Tom Goldsmith
A UUA Pamphlet
UU Views of the Bible offers a glimpse into six spiritual journeys. One originates with an impassioned fundamentalist embrace of the Bible while others begin with the Bible as suspect. All of the journeys are refreshingly thoughtful, a bit provocative, and even humorous. The pamphlet offers no critical analysis of the Bible, interpretation of the historical Jesus, or promotion of the Darwinian theory of evolution over and against creation theory. Instead, it gives the reader a very frank approach to a text that is often misquoted, misinterpreted, and mistreated.
The six UU contributors describe their particular relationships to the Bible, and address more generally the relevancy of scripture to religious liberals. All contributors agree that the Bible is riddled with historical errors but nonetheless can serve as an important repository of human truth. Does the Bible have any significance in their lives at all? Each voice in this pamphlet renders a unique and stirring account of the Bible’s continued vitality for religious liberals in the twenty-first century.
Rev. Tom Goldsmith, Editor, First Unitarian Church, Salt Lake City, UT
Rev. David McFarland
The Bible is like Santa Claus and sex. Children hear about it on the playground or on the street, whether or not their parents discuss it with them. And as an adult, if you don’t enjoy it and wish to abstain, you can successfully avoid it only by taking extreme measures such as total social deprivation or profound isolation.
The Bible is holy scripture because it is the living document and foundation of many important faiths, including Unitarian Universalism. To abandon the Bible would mean alienation from one of the world’s most important influences on religious thought-liberal and otherwise. Our UU Principles and Purposes are saturated with biblical concepts and ideals. Our concept of respect for the web of existence, for instance, emanates from a stream of thought that flows through the Psalms and the Prophets from that same God of Genesis who declared the goodness of creation.
No universalistic faith can relinquish the Bible and claim to be either religious or liberal. Unitarian Universalism has been influenced and will continue to be influenced by the Bible. UU congregations that seek a vital, relevant, liberal religious voice will read, study, interpret, and invoke the Bible with honesty and integrity, with a soft heart and a hard head. This is our heritage. This is our calling.
Rev. David McFarland, Cache Valley Congregation Unitarian Universalists, Logan, UT
Mark Christian
“Revelation is not sealed,” we have long proclaimed. This is a keystone and distinguishing feature of the free church. However much truth we discover in the world we remain open to new truth, “from wherever it may come.” For the Transcendentalists of the nineteenth century this meant experiencing nature directly. For the Free Religionists of that same century it meant exploring world religions. For Humanists in the twentieth century, it means turning to science. For me as a third generation Unitarian Universalist, ironically, it has meant rediscovering the Hebrew and Christian scriptures.

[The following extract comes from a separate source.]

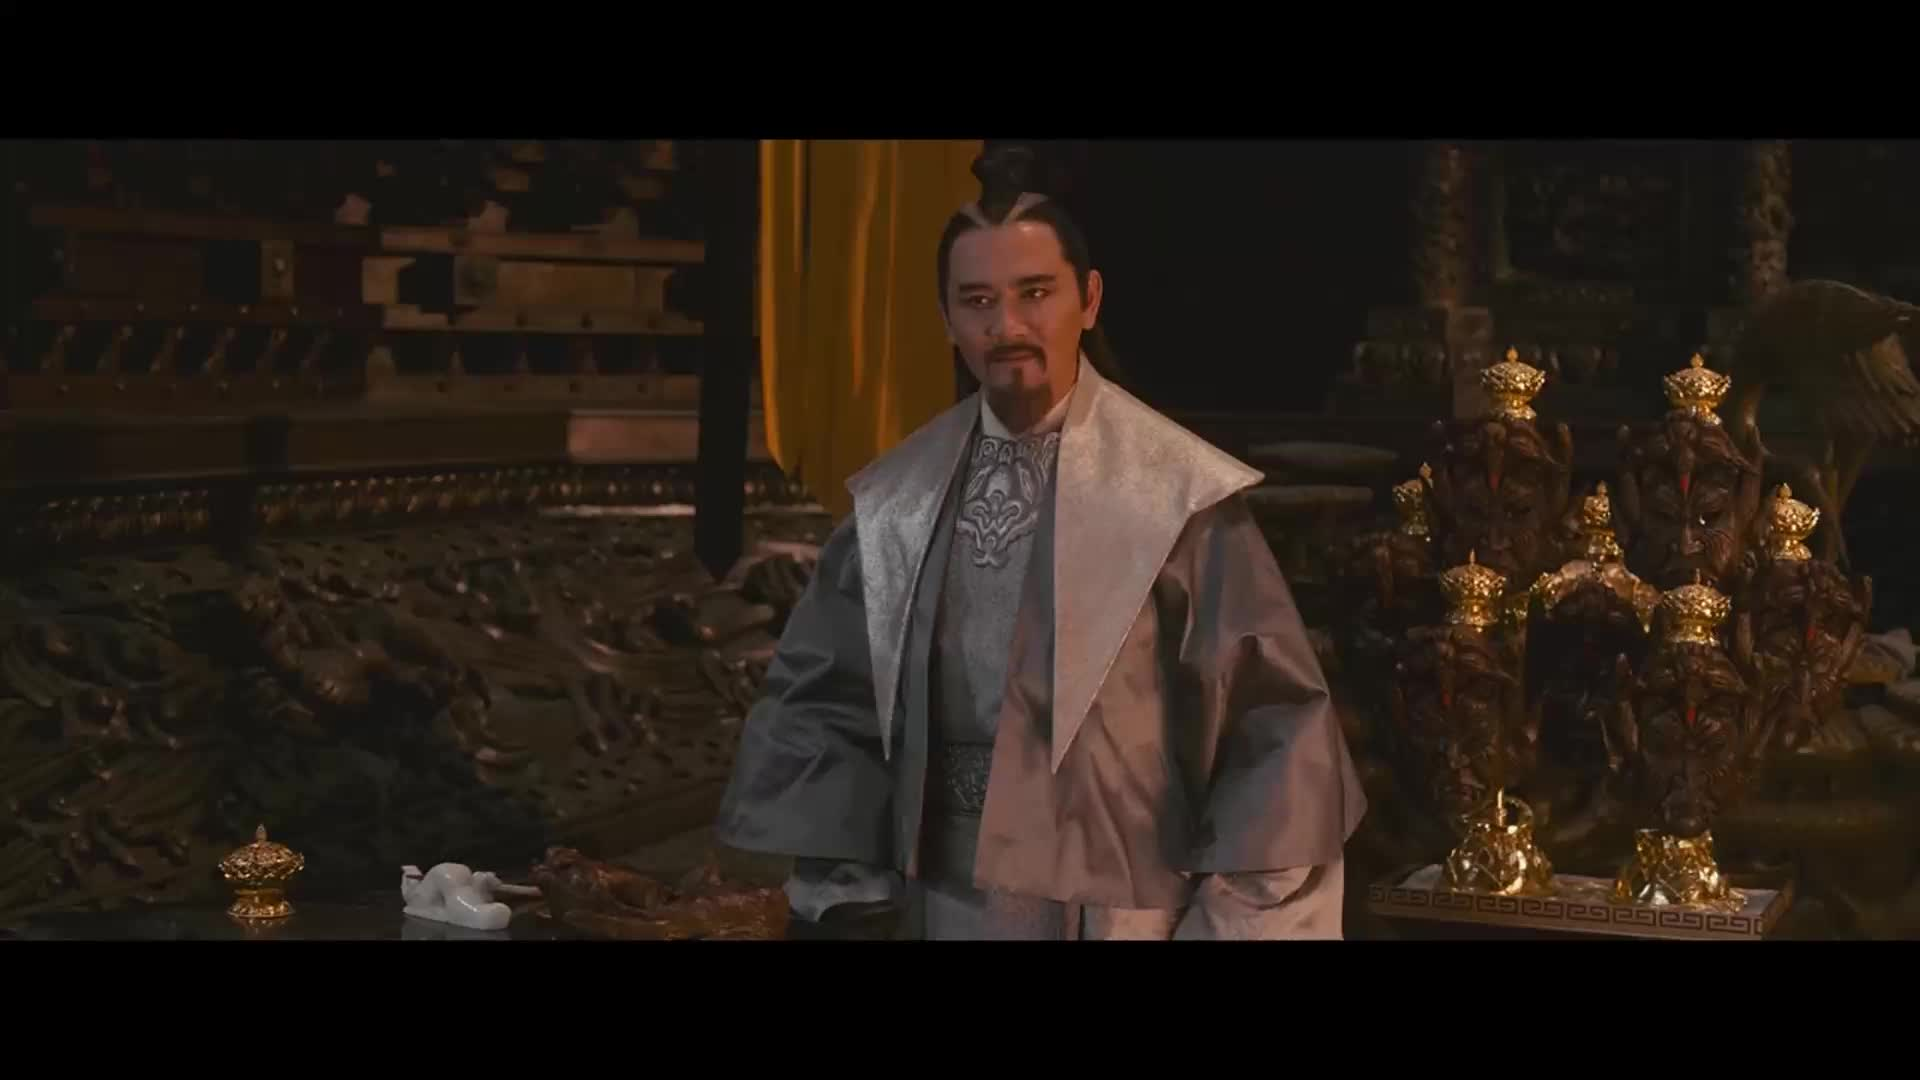 张道仙说着天上神仙的位置然后自己就坐到玉皇大帝的位置去了
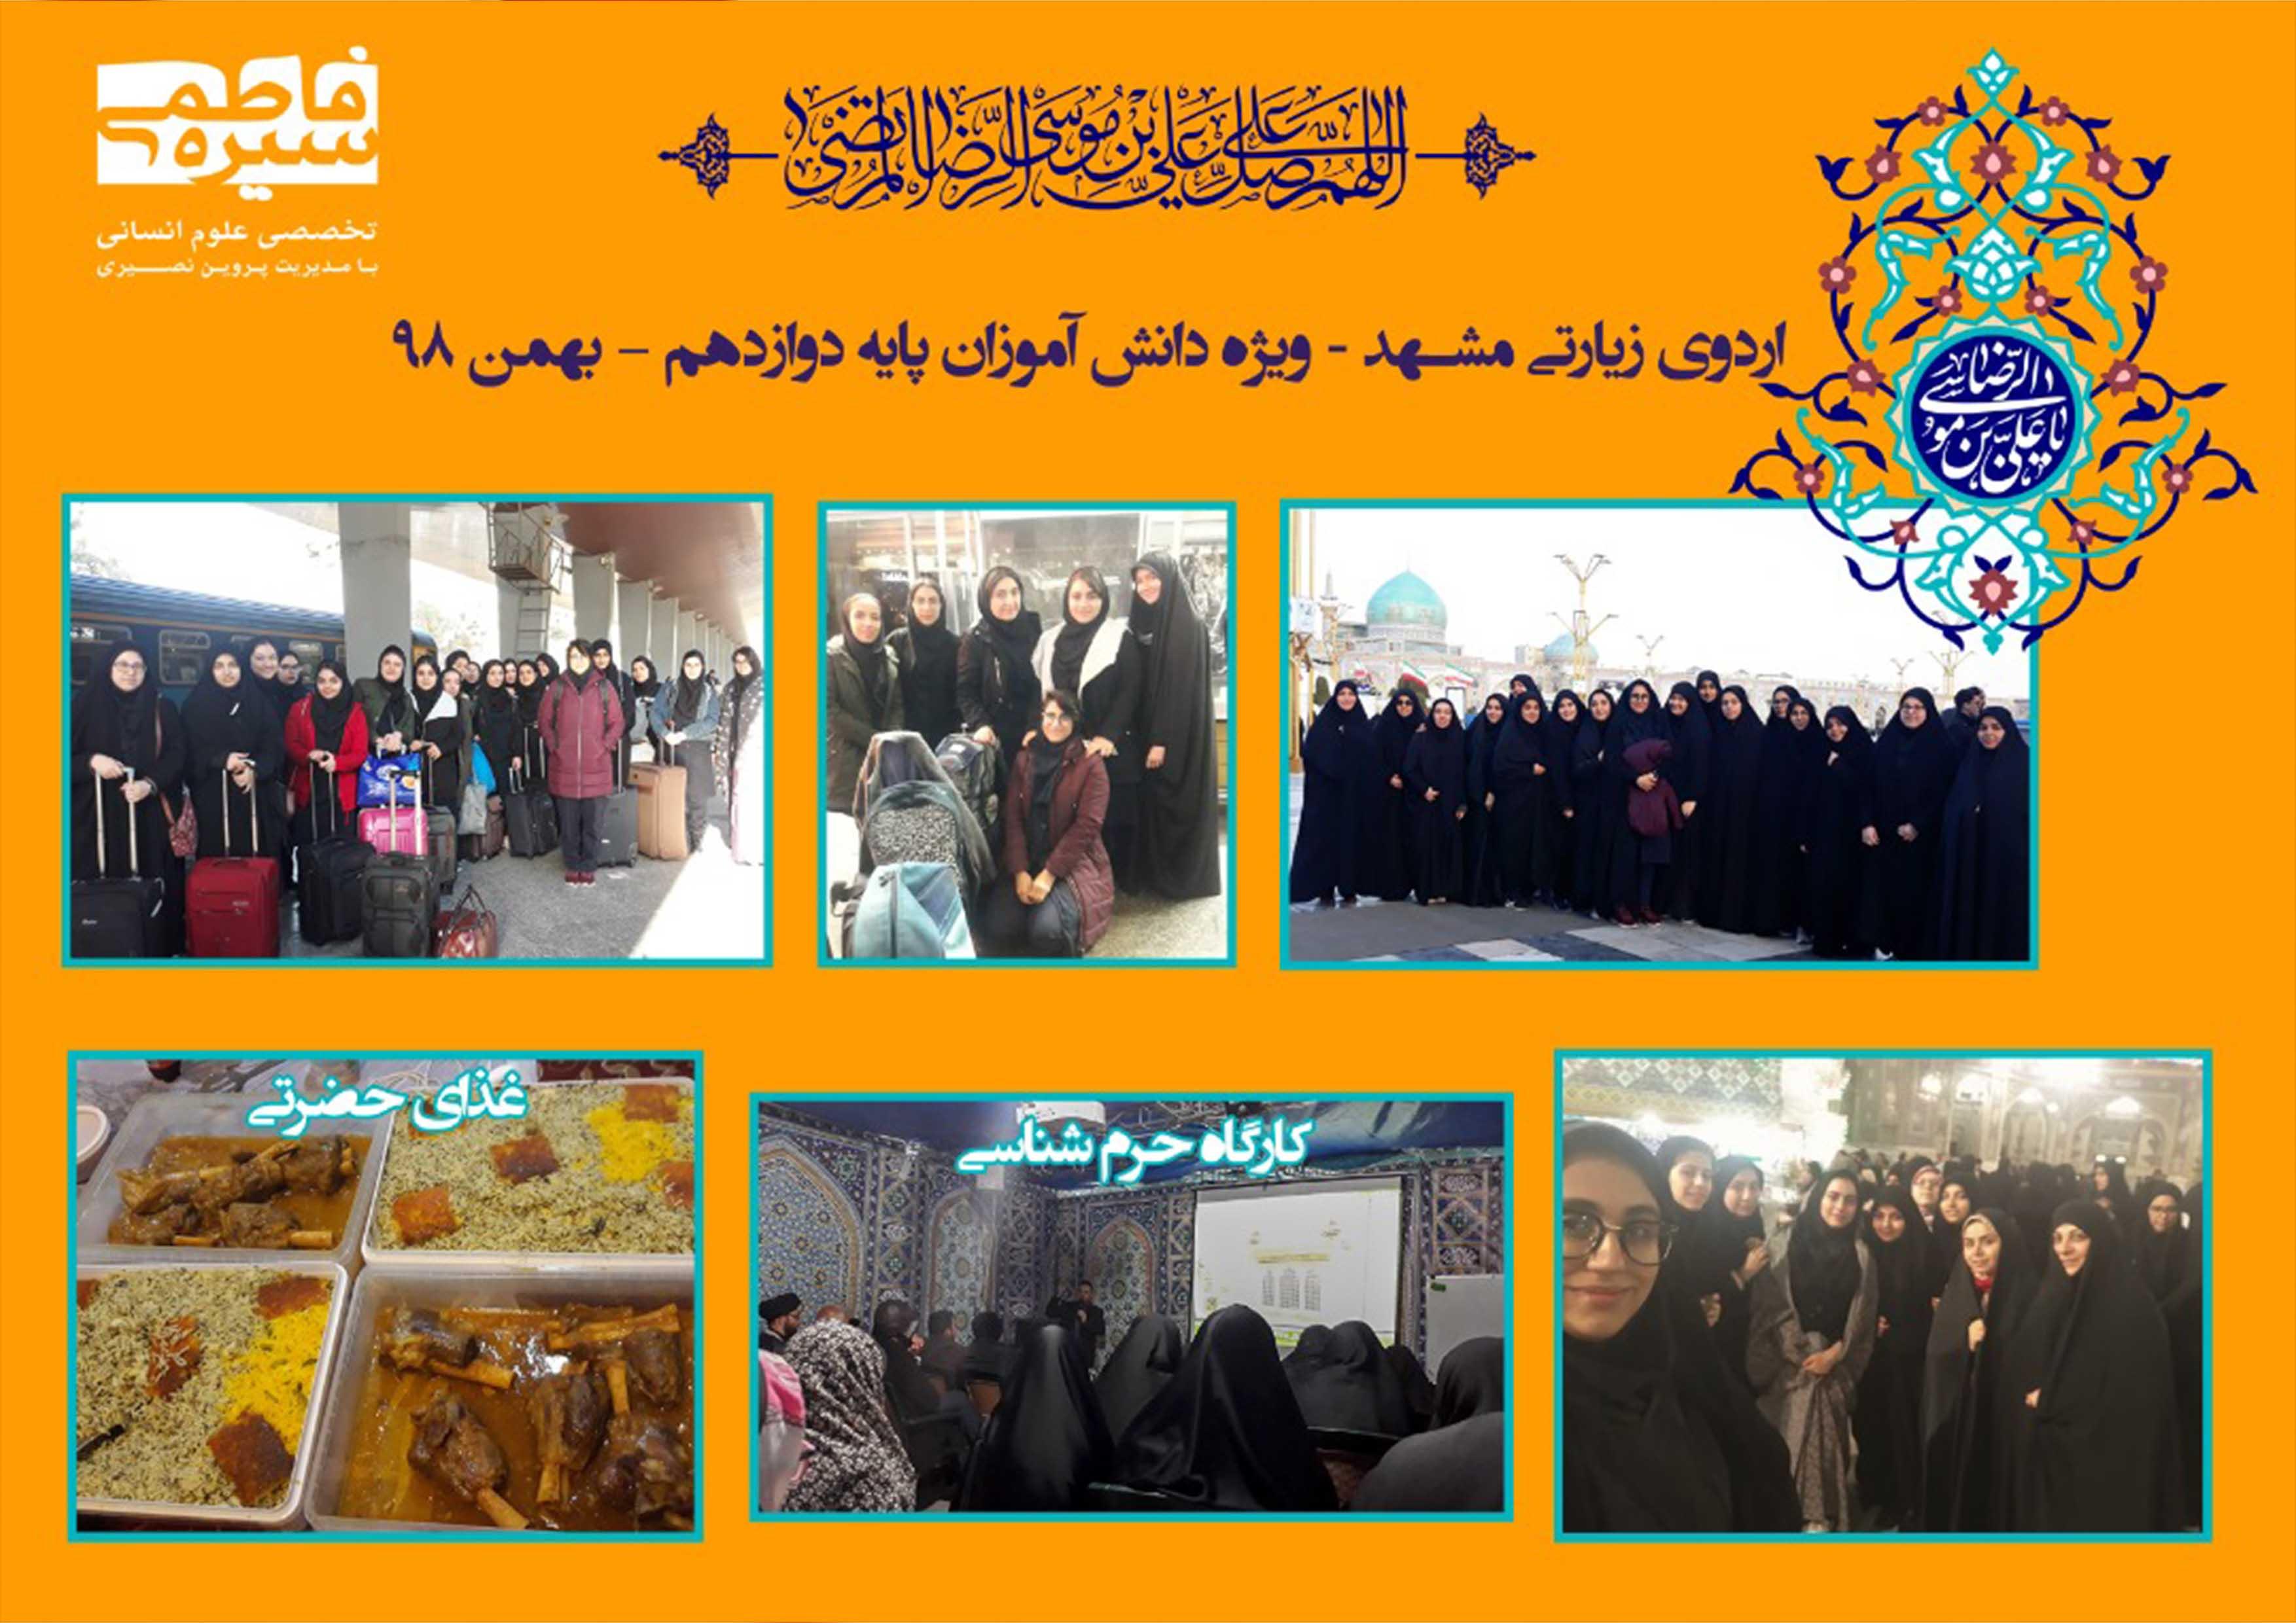 اردوی زیارتی مشهد- بهمن ۹۸

When I entered seminary, I worried about my ignorance of the Bible. “Growing up as a UU,” I explained to my seminary’s president, “I didn’t learn much about the Bible. I know I’ll have to work overtime to overcome this deficit.” He reassured me: “Don’t worry. You’re already aware that you know very little about what’s in the Bible. That lesson is painful for many seminarians.” He was right.
As I explored the Bible free of traditional interpretations, I found compelling insights to add to my sources of revelation. The complexity of Jesus’ parables caused me to reorient my world-view. The archetypal truths in the Genesis stories, the human anguish in Job, and the existential angst of Ecclesiastes all unfolded before me in a way I found forceful and inspiring.
Interpretations of the Bible can be outmoded, sexist, racist, and excessively violent. The Bible can also be a source of hope-filled compassion, honest introspection, motivation toward justice, and comforting inspiration. If indeed “revelation is not sealed,” then we must remain open to the possibility of new and higher truths that may come to us from diverse sources. . . including the Bible.
Mark Christian, UU Church of Las Cruces, Las Cruces, NM
Jack Conyers
While I was growing up as a genuinely committed Southern Baptist in Rock Hill, South Carolina, and St. Simons Island, Georgia, the Bible was an integral part of my life. Daily Bible readings sponsored by the Baptist Young People’s Union were part of my life. I was even champion of the First Baptist Church of Rock Hill in the Bible Sword Drill (a competition answering biblical questions quickly by identifying chapter and verse). At the age of eleven, I won the district competition.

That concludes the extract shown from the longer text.